Friday, July 8, 2016

Councillors call on government to secure release of British freedom fighter held on death row in Ethiopia

Reprieve: U.S. Senators condemn Ethiopian abuses; urge ‘review’ of security assistance
COUNCILLORS have unanimously passed a motion calling on the UK government to do more to secure the release of a Holloway man who has been held on death row in Ethiopia for two years.
Andy Tsege, a 61-year-old British citizen, was kidnapped and rendered to Ethiopia by forces of that country in June 2014. He remains held there under a sentence of death imposed in absentia in 2009 in relation to his political opposition to the Ethiopian government.
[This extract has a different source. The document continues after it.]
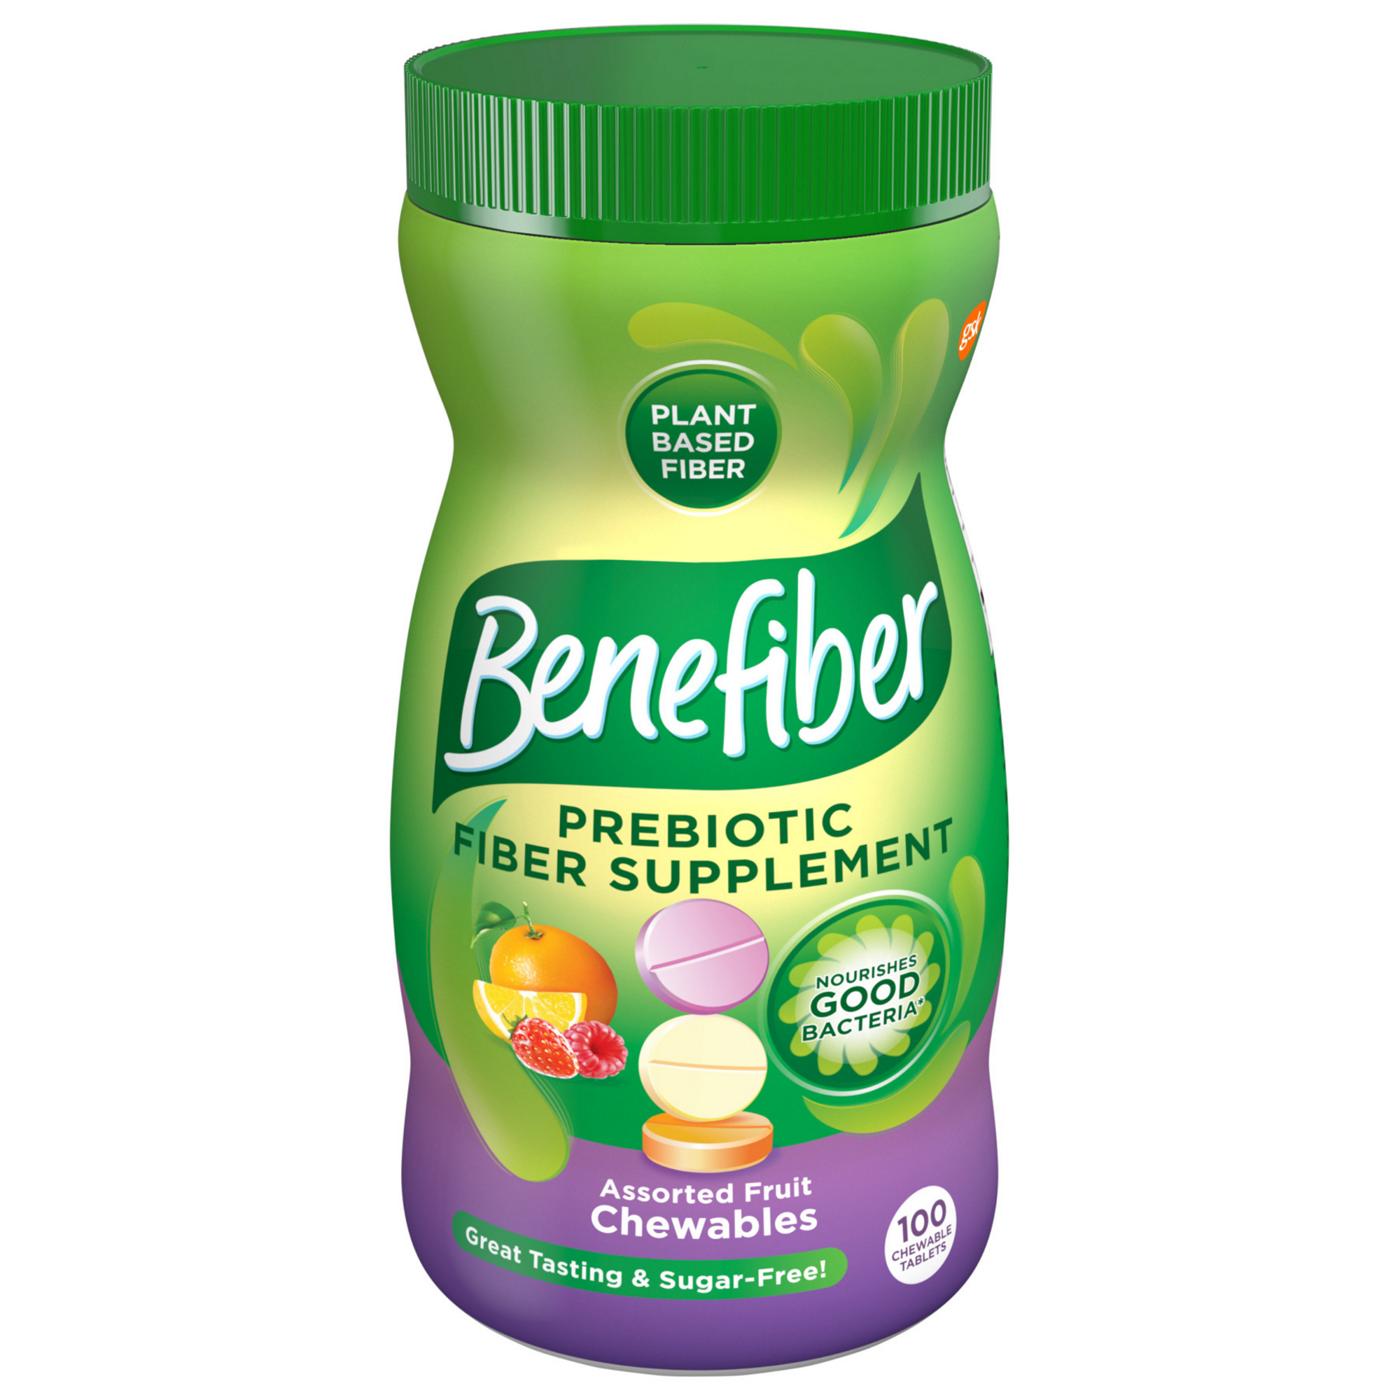 Benefiber Prebiotic Fiber Supplement Chewable Assorted Fruit; image 1 of 9

A motion passed at last Thursday’s full council meeting, submitted by Clerkenwell councillors Alice Donovan and James Court, expressed “great concern and dismay” over the detention kidnapping and illegal rendition of Mr Tsege, adding: “The council wishes to remind the Secretary of State for Foreign and Commonwealth Affairs, of the series of unlawful acts perpetrated against Mr Tsege by a Foreign State.
“This council is very concerned by the Ethiopian government’s continuing use of the country’s legislative and judicial framework to stifle dissent and convict political opponents, including Mr Tsege, in politically motivated trials […] and regrets that the government has not yet urged the Ethiopian government to release Mr Tsege’s.”
Town Hall leader Richard Watts will now write to foreign secretary Phillip Hammond to urge him to make further representations to the Ethiopian government calling for Mr Tsege’s release.
The Ethiopian freedom fighter’s children Menabe, nine, her twin brother Yilak and sister Helawit, 16, and mother Yemi Hailemariam live in Clerkenwell. They are continuing their campaign for Mr Tsege’s release.